Here's a little background:
My boyfriend and I have been in a long distance relationship for 11 months now and he is the one. He gives meaning to the cliché "when it's different, it's just different, and when you know you just know." It's hard for people to understand or give credit to that; but when you experience it, it really is different. Anyway, he is in the USAF and lives in South Carolina right now. We were friends for two years before fate stepped in and allowed us to express our true feelings. For the first 6 months we were able to talk everyday for at least 3-5 hours a day (we are “IN"). Now he is in a special training program where he is limited to communication with me, and I can only talk to him for once a week for 30 minutes. I am an excellent pen pal and write many letters, but as many of you know, it's not the same. Now comes the hard part.....I have been unfaithful to him. It's been purely physical when it's happened and for the first two times I felt an extreme guilt to the point where I was getting sick, not eating, not sleeping, crying.....and the last 2 times its happened, the guilt has been there but not to the same extreme! I have been drinking every time....and didn’t intend on it happening with the exception of the last time. I went into that situation knowing I would get drunk to lesson my inhibitions. I have never cheated on a any boyfriend ever before, so I am new to how to react; also, I’ve never been so in love with any one more perfect in my entire life so I am very concerned as to what I should do. He is everything to me......and if these encounters within the last 5 months have meant nothing....should I not tell him and spare him the heart break every time he looks at me. I know he would not want to lose me and would definitely work things out, but I don’t know if I could bare him looking at me differently, knowing that his heart is breaking because I am not the same person he thought.
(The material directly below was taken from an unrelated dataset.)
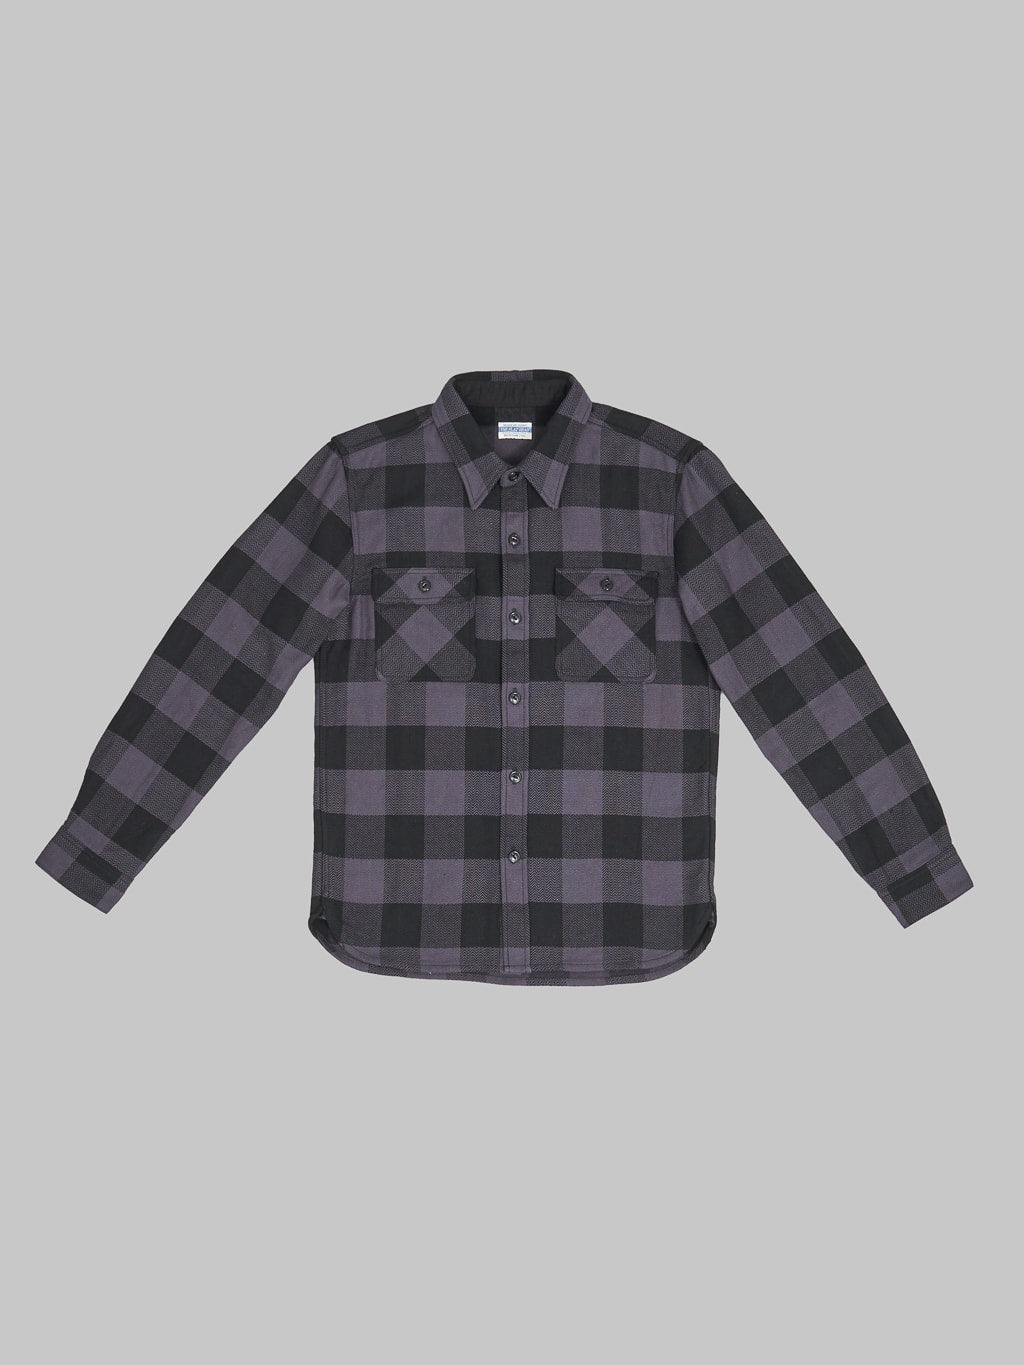 The Flat Head Block Check Flannel Shirt Grey front view
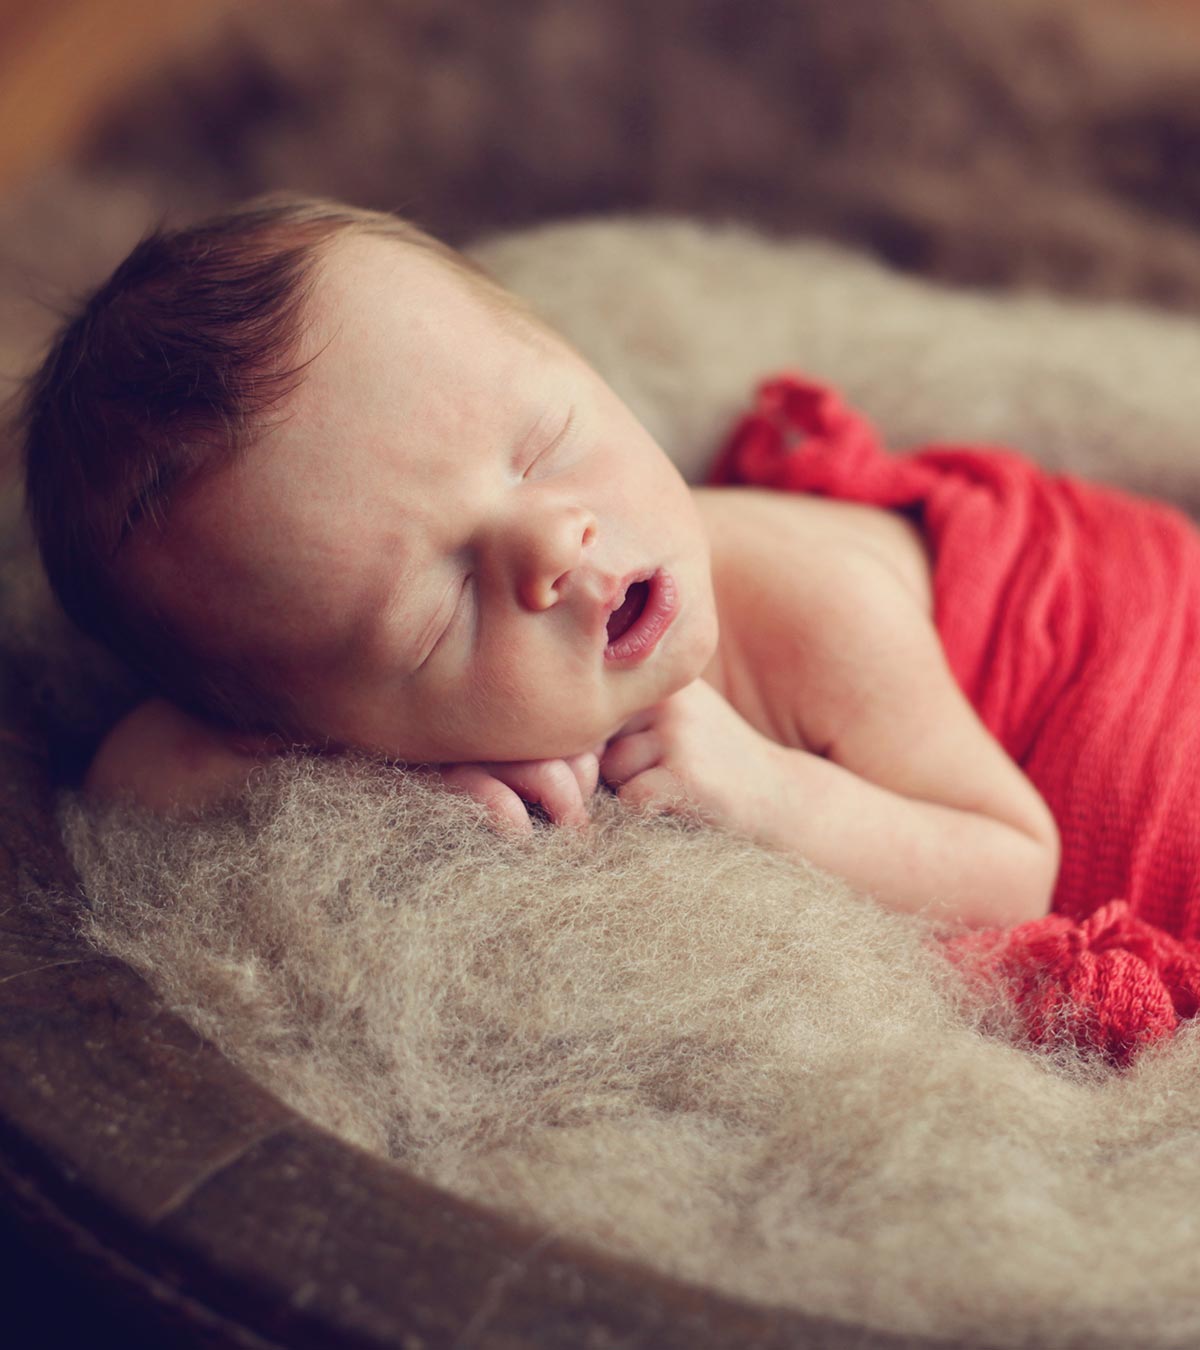 50 Irish And Romany Gypsy Baby Names, With Meanings

I am not the same person I thought.....
I love him and want to be fare to him, which is my main concern. He is in a hardcore program right now in which he graduates from in June. I will see him soon, and soon I will be able to talk to him for as long as I want whenever I want; do I tell him....or don't I. I don’t want it to happen again, and I know it wont once he is able to satisfy my need for feeling beautiful and desired....but what should I do!?